27. A method according to claim 26, wherein computing an interest score further comprises associating at least one of a page length, a user duration, recency, or a frequency of visit, to a Uniform Resource Location (URL) .
28. A method according to claim 26, wherein computing an interest score further comprises associating at least one of a page length, a user duration, recency, or a frequency of visit, to a keyword index.
29. A method according to claim 19, wherein applying the communications data to the at least one probabilistic model further comprises inputting information associated with the communications data to a Naϊve Bayes Network.
30. A method according to claim 19, wherein applying the communications data to the at least one probabilistic model further comprises inputting information associated with the communications data to a Decision Tree Algorithm.

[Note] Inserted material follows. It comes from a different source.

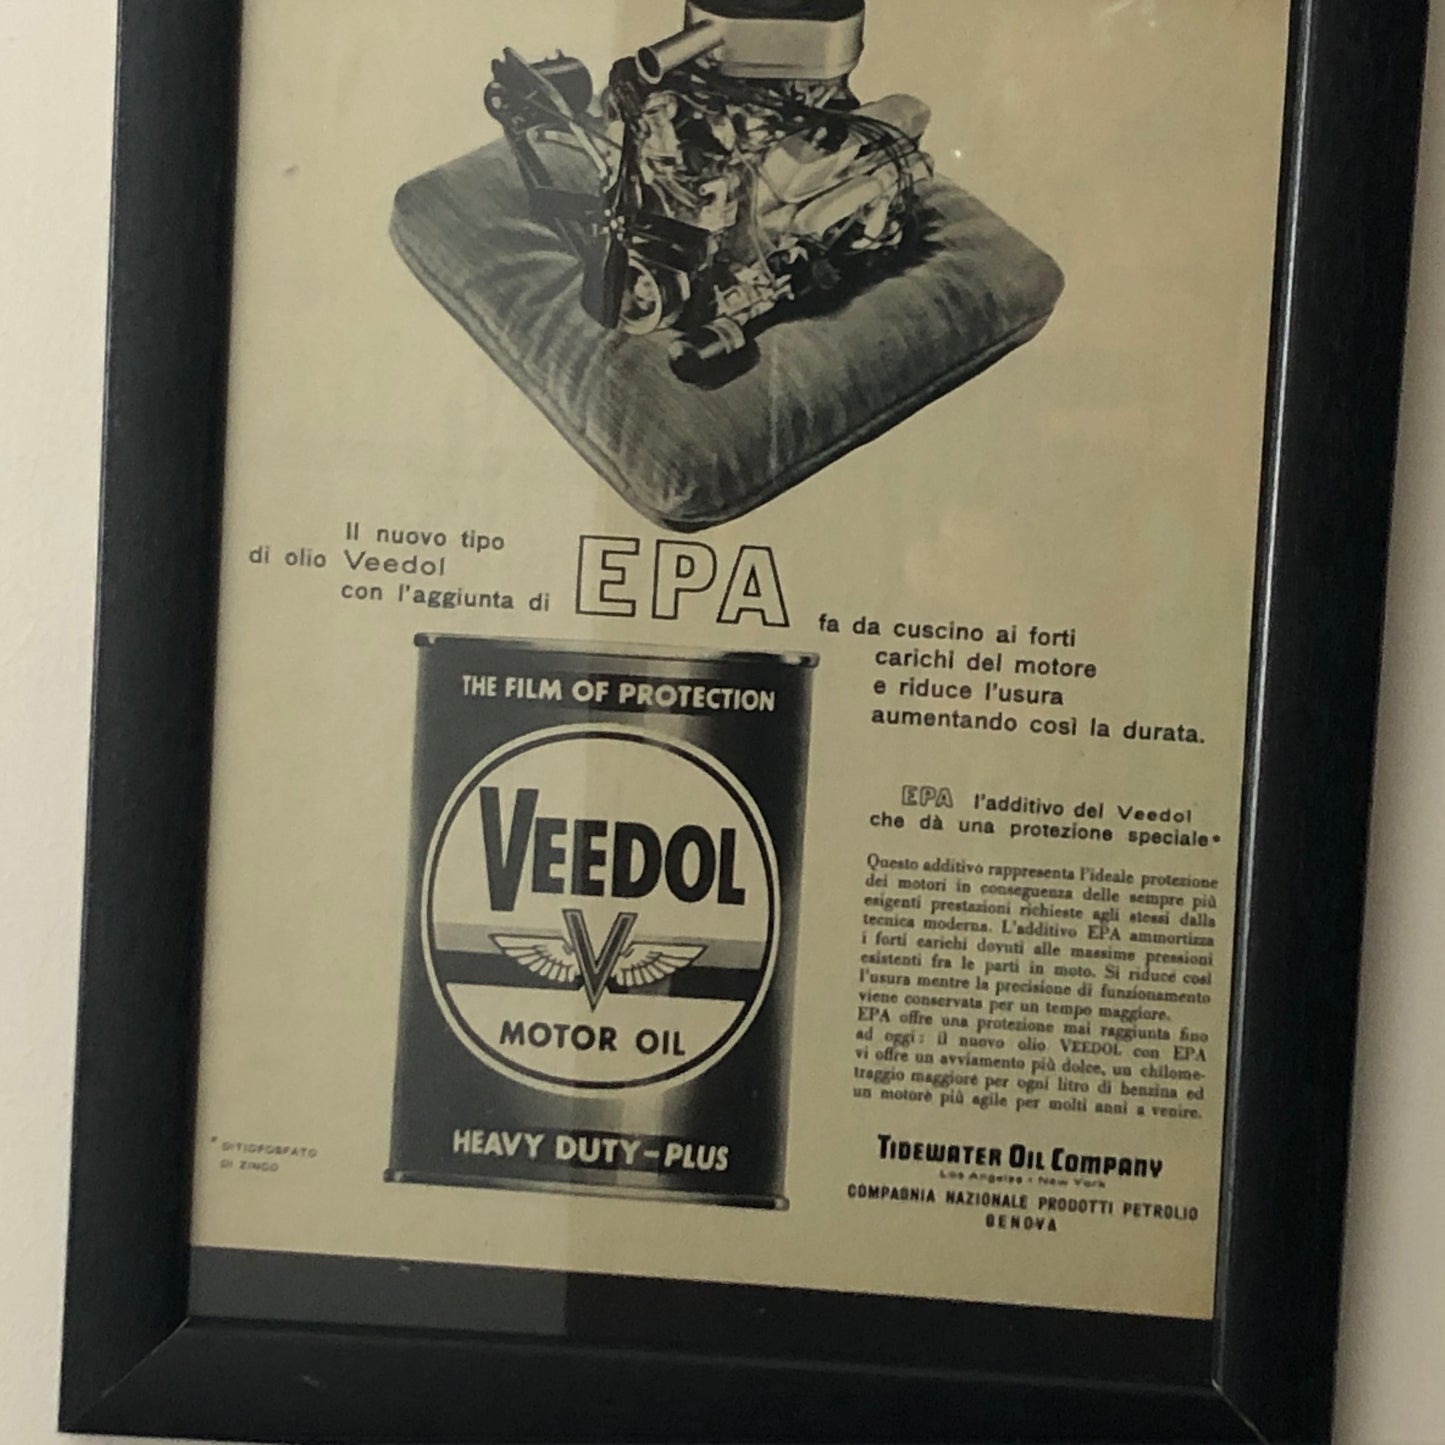 Veedol Motor Oil, Pubblicità Anno 1959 Veedol Motor Oil con Didascalia in Italiano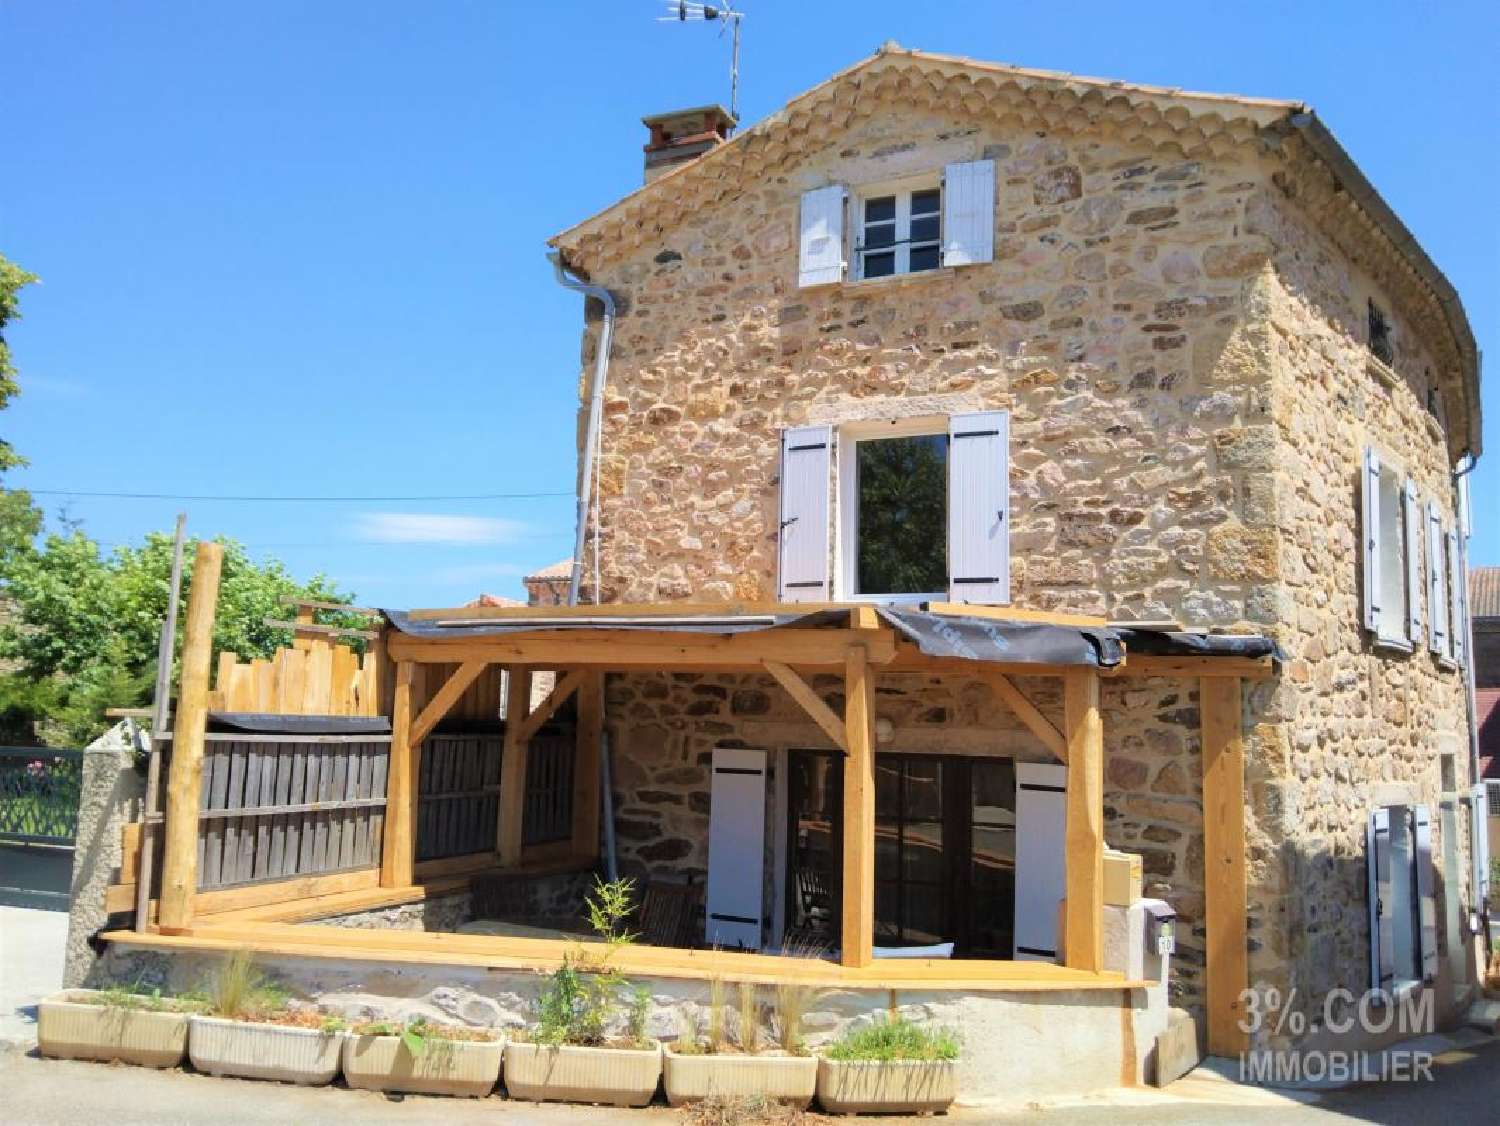  for sale village house Alboussière Ardèche 1

31. A method according to claim 19, wherein applying the communications data to the at least one probabilistic model further comprises inputting information associated with the communications data to a Support Vector Machine.
32. A method according to claim 19, wherein applying the communications data to the at least one probabilistic model further comprises creating a Neural Network for at least one demographic attribute.
33. A method according to claim 19, wherein utilizing the probabilistic model outputs further comprises, retrieving a previously produced demographic profile for the user, and, incorporating the probabilistic model outputs with the previously produced demographic profile.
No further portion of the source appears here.